Hinter mir sehen Sie das Innere der Wallfahrtskirche St. Anna bei Ering. Das Kleinod auf der Strecke zwischen Passau und Altötting ist bedeutend in der Vita des Nebenpatrons unseres Bistums, des Heiligen Bruder Konrad. St. Anna war eines der Wallfahrtsziele von Hans Birndorfer, und bei einer großen Volksmission soll er hier seine Entscheidung getroffen haben, in den Kapuzinerorden einzutreten. Was ist ihm hier vor Augen geführt worden?

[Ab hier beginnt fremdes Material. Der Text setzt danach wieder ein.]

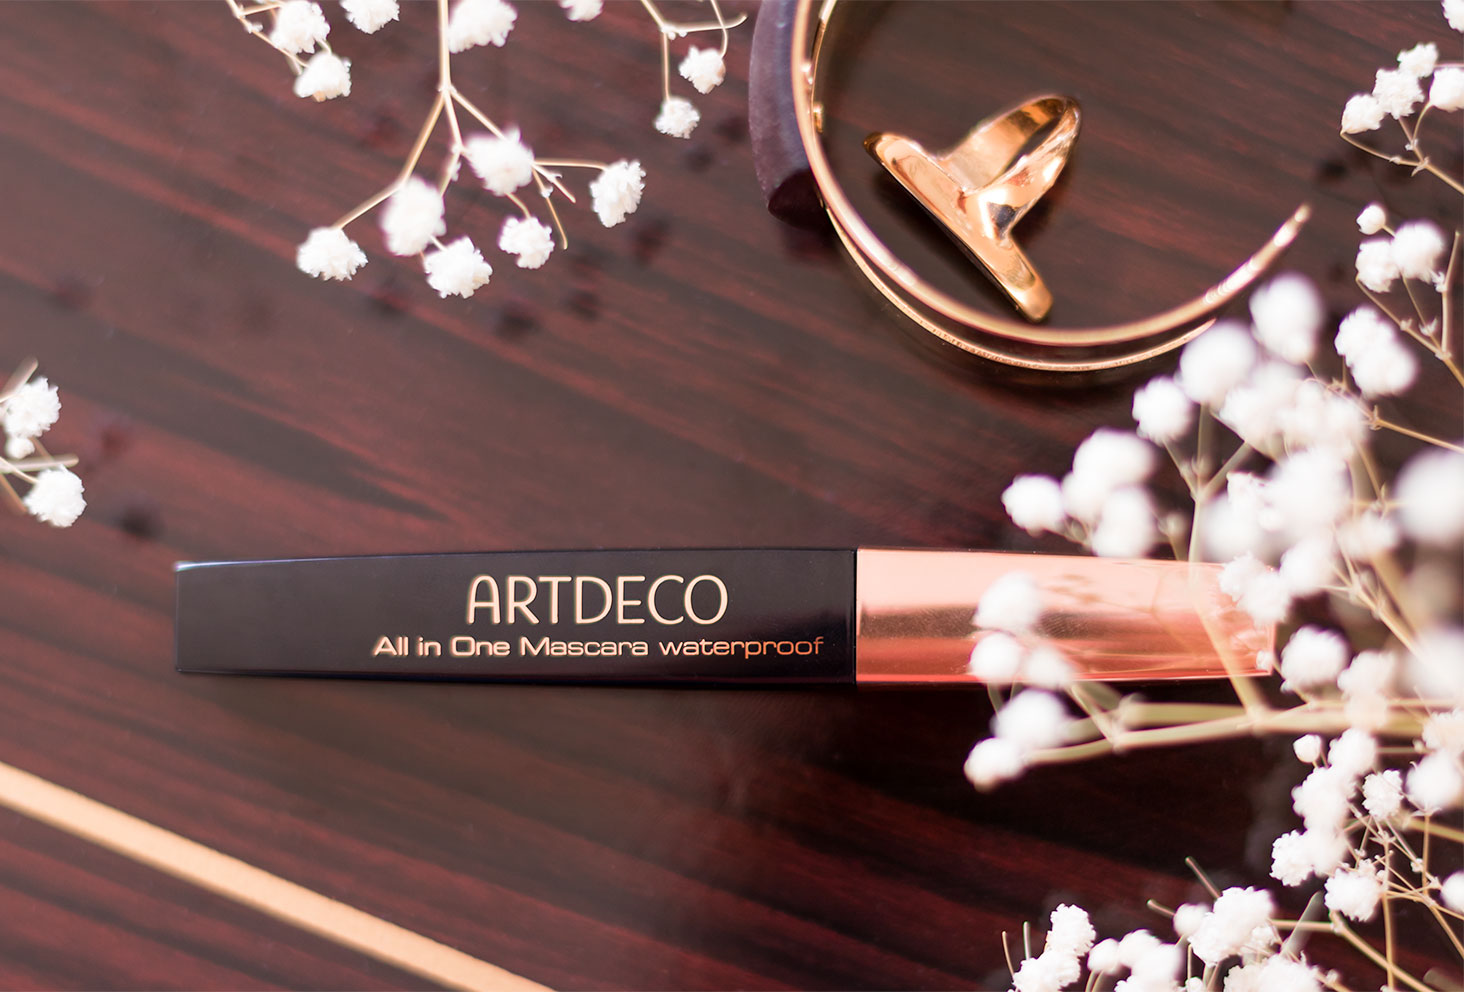 Le mascara waterproof de ARTDECO vu de haut, posé sur une table en bois foncé, au milieu des bijoux dorés et des fleurs séchées

Ein Heiligtum, das der Mutter Anna geweiht ist, führt uns zur Betrachtung der Menschwerdung Gottes. Der Sohn Gottes wurde Teil einer menschlichen Familie, unter anderem mit Mutter Maria und den Großeltern Joachim und eben Anna. Von seinen Angehörigen ist im Evangelium heute die Rede von Brüdern, womit nach hebräischem, aramäischem und ebenso griechischem Sprachgebrauch auch Verwandte im weiteren Sinn gemeint sein können.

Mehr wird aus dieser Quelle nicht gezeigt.